Мне хорошо известны все аргументы, которыми ты пытаешься разрушить наше чувство: у нас нет будущего, мы не пара, разные люди, никогда не сможем жить вместе. Но будущего у нас никогда и не было, а мы все равно любили друг друга. Расставались — и встречались, ссорились — и мирились. Да и у кого оно есть, это будущее? Кто может быть в чем уверен, кроме шаманов, пифий и Нострадамуса?.. Я уверен — когда-нибудь ты вспомнишь: «Ах, какое это было счастливое время!»
— но будет уже поздно… Если бы ты еще влюблялась, всё бывает… Но чтобы так, просто, из-за ничего отбросить, откинуть, отогнать, как назойливую муху, любящего тебя, проверенного, близкого человека — этого я не понимаю и не хочу понять…

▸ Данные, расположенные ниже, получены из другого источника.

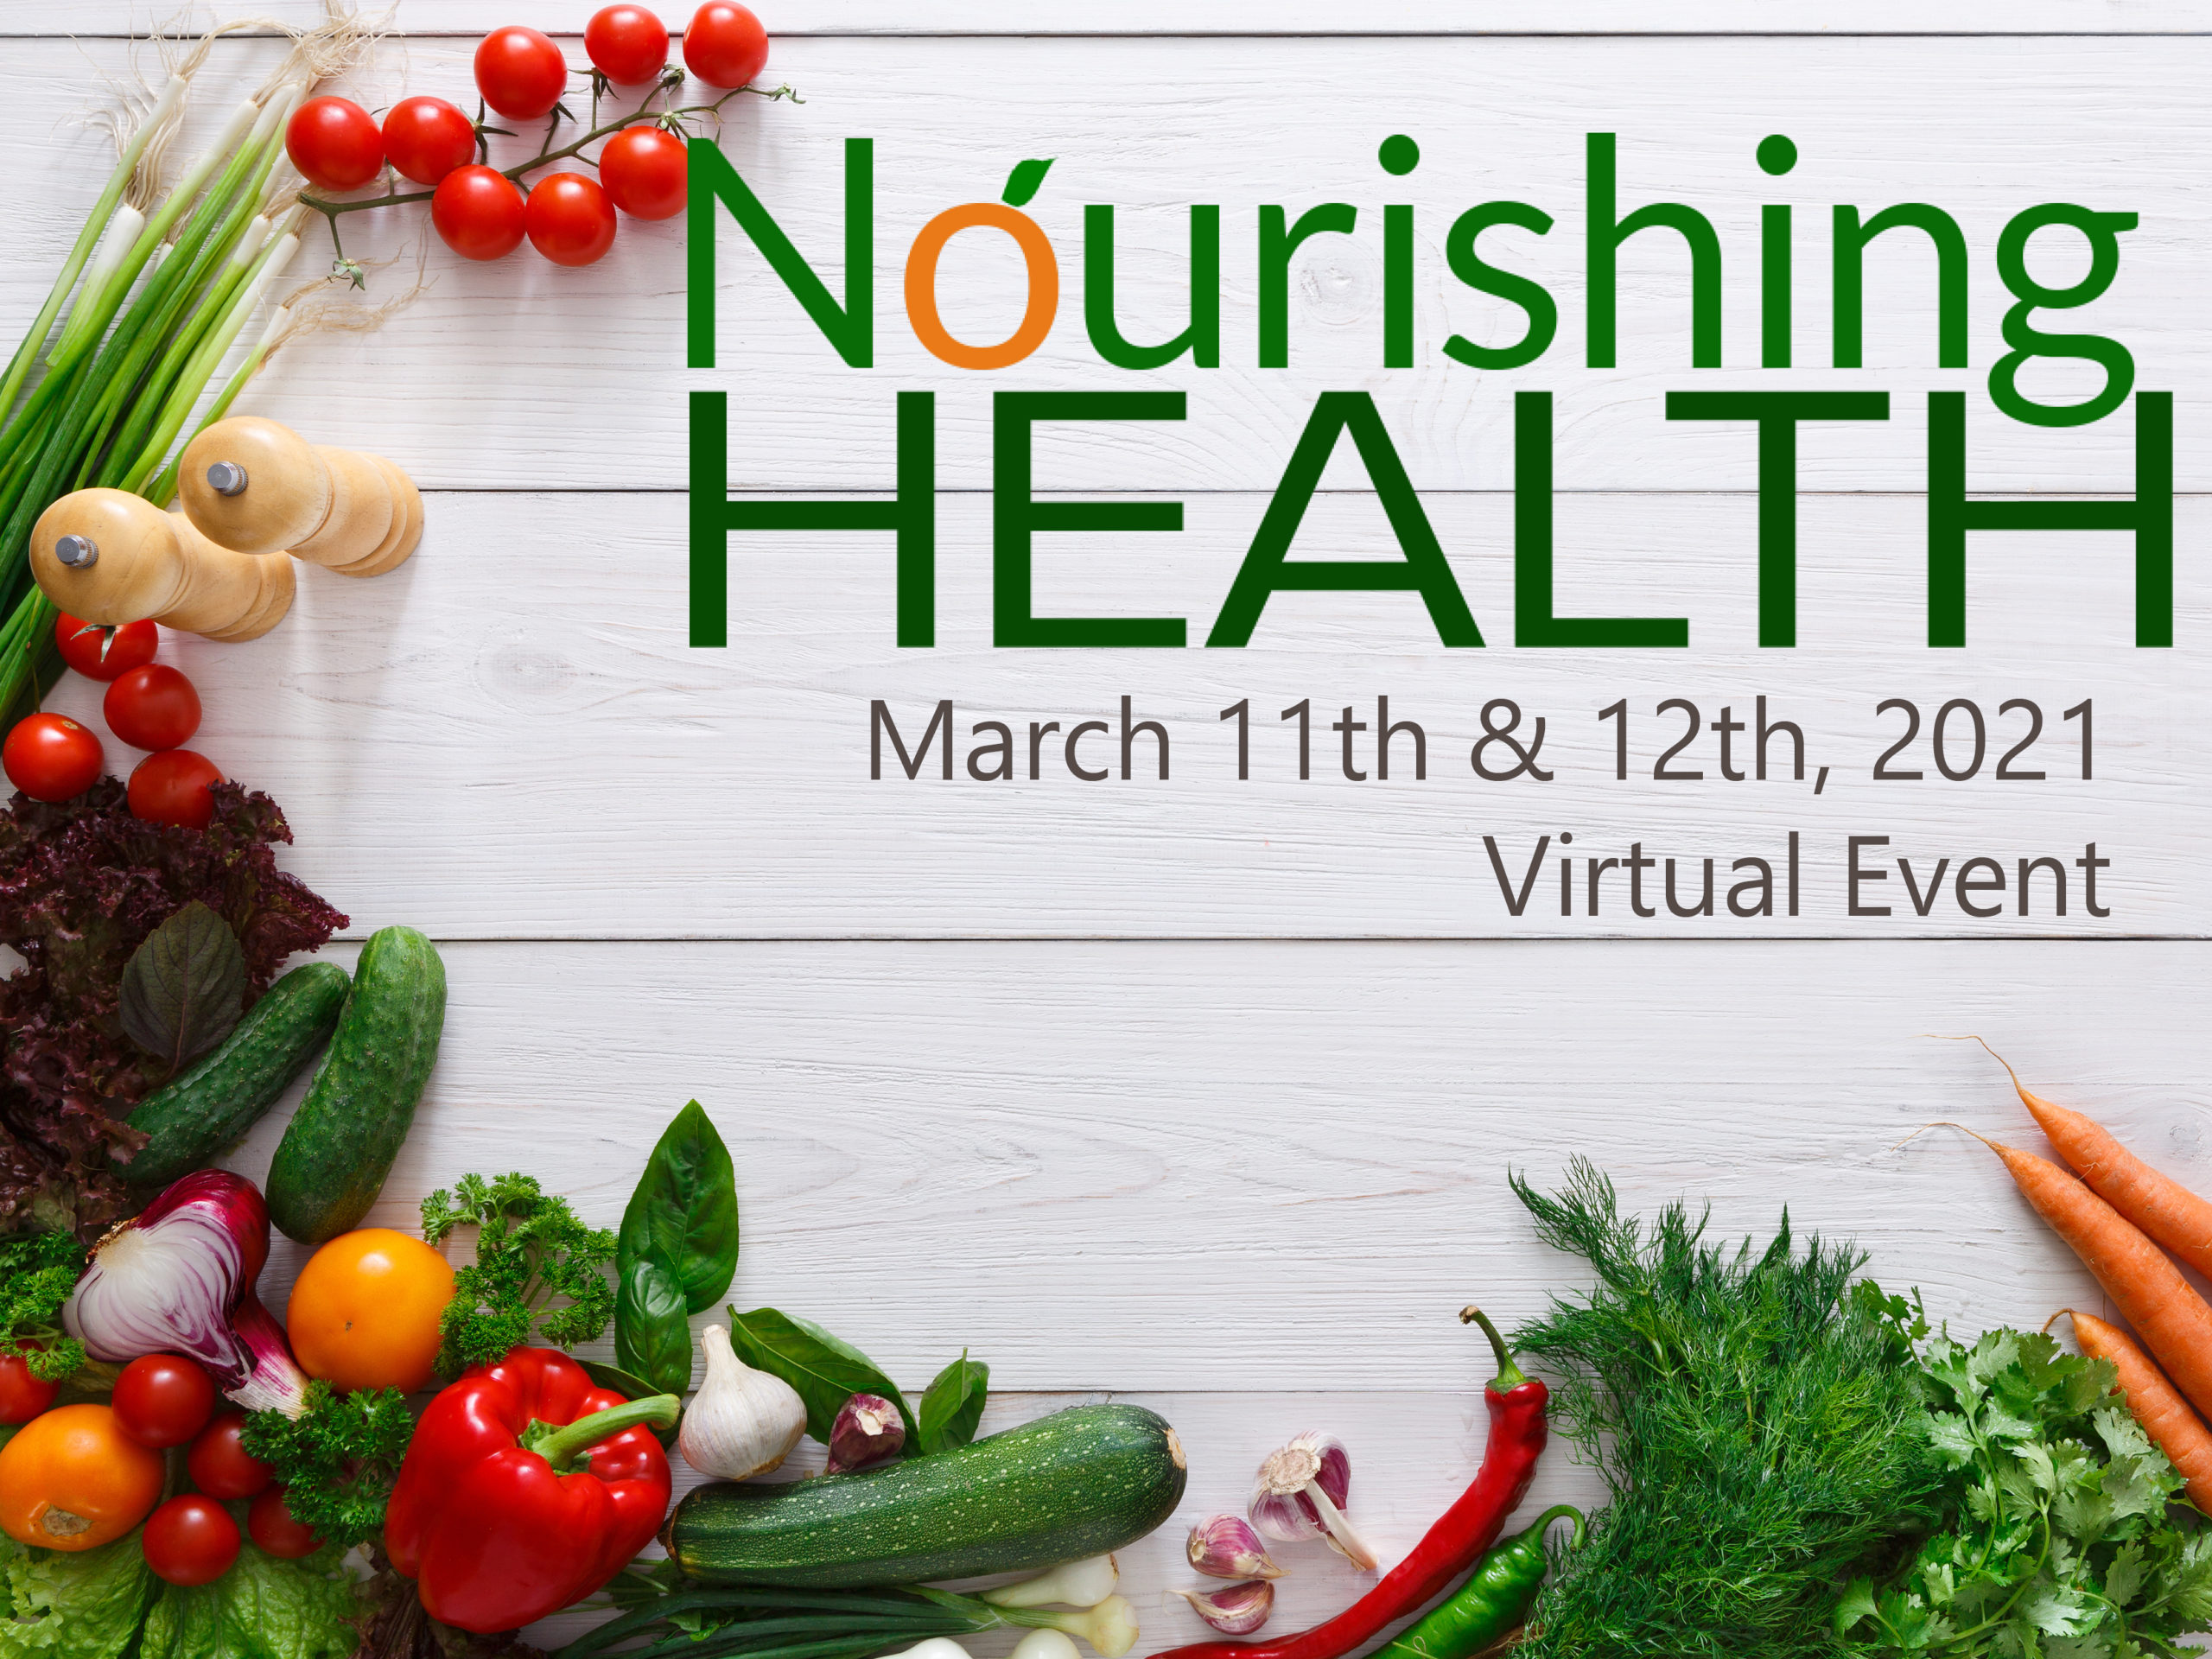 2021 'Nourishing Health' Symposium & Expo

Извини, что в письме мало ласковых слов, но где их взять после всего?.. Я не только обижен, но и оскорблен. И всё равно ты — как наваждение: я скучаю без твоих медовых глаз, мне одиноко без твоего голоса, мне холодно без твоих ласк, мне трудно без твоих рук. Жизнь сера, уныла и невыносима без тебя. Я — как царь без слуг, художник без глаз, воин без рук, пастырь — без Бога. Мираж, гипноз, болезнь, паралич, чума, холера — вот что такое любовь.
Я знаю, что наверняка мои слова покажутся тебе смешными (так бывает, когда предательство уже совершено), но все-таки я хотел бы сказать тебе их.
Твой сумасшедший старичок».
И еще сказочными буквами приписано какое-то слово, которое мне никогда не понять, только разглядывать: «miyvarxar»8.
Он прав: я именно так и делаю, безмозглая, бездушная дрянь — отбрасываю близкого, любимого человека, верного и желанного!.. Это не только глупо и подло, но и неправильно. Он дает мне больше, чем остальные. Теперь я уверена, что люблю его.
Я смахнула слезу и посмотрела на телефон. «Ну, пехота, вперед!» Только вот кому звонить первому?..
Телефонный звонок разбудил его. Опрокинув пустую бутылку, он схватил трубку и услышал:
— Счастливого Рождества тебе! Ты исчез — решила сама позвонить. Не помешала?..
— Нет, как ты можешь помешать, — пробормотал он. — Где ты?
— Дома, на севере. Бабушке плохо.
— А не от любовника ли звонишь?.. — спросил он с подозрением: может, еще потешаться вздумала из чужой постели? — И услышал:
— Нету никакого любовника.
Этого он не ожидал и выдавил неуверенно:
— Как это?.. Был же?..
— Нету, пропал.
— Серьезно? — переспросил он с надеждой.
— Серьезно. Он обиделся, когда узнал, что у меня есть ты, и сказал, что такого тройного союза не потерпит. И всё, разрыв. Радуйся — я пожертвовала им ради тебя. Ты доволен?
Он молчал.
— Ну и вот, — продолжала она. — Я много думала в эти дни и хочу сказать, что, если хочешь, пусть всё будет как раньше. Если ты этого, конечно, еще хочешь… Давай еще раз попробуем. Мы не раз ссорились, а потом всегда бывало еще лучше, правда?..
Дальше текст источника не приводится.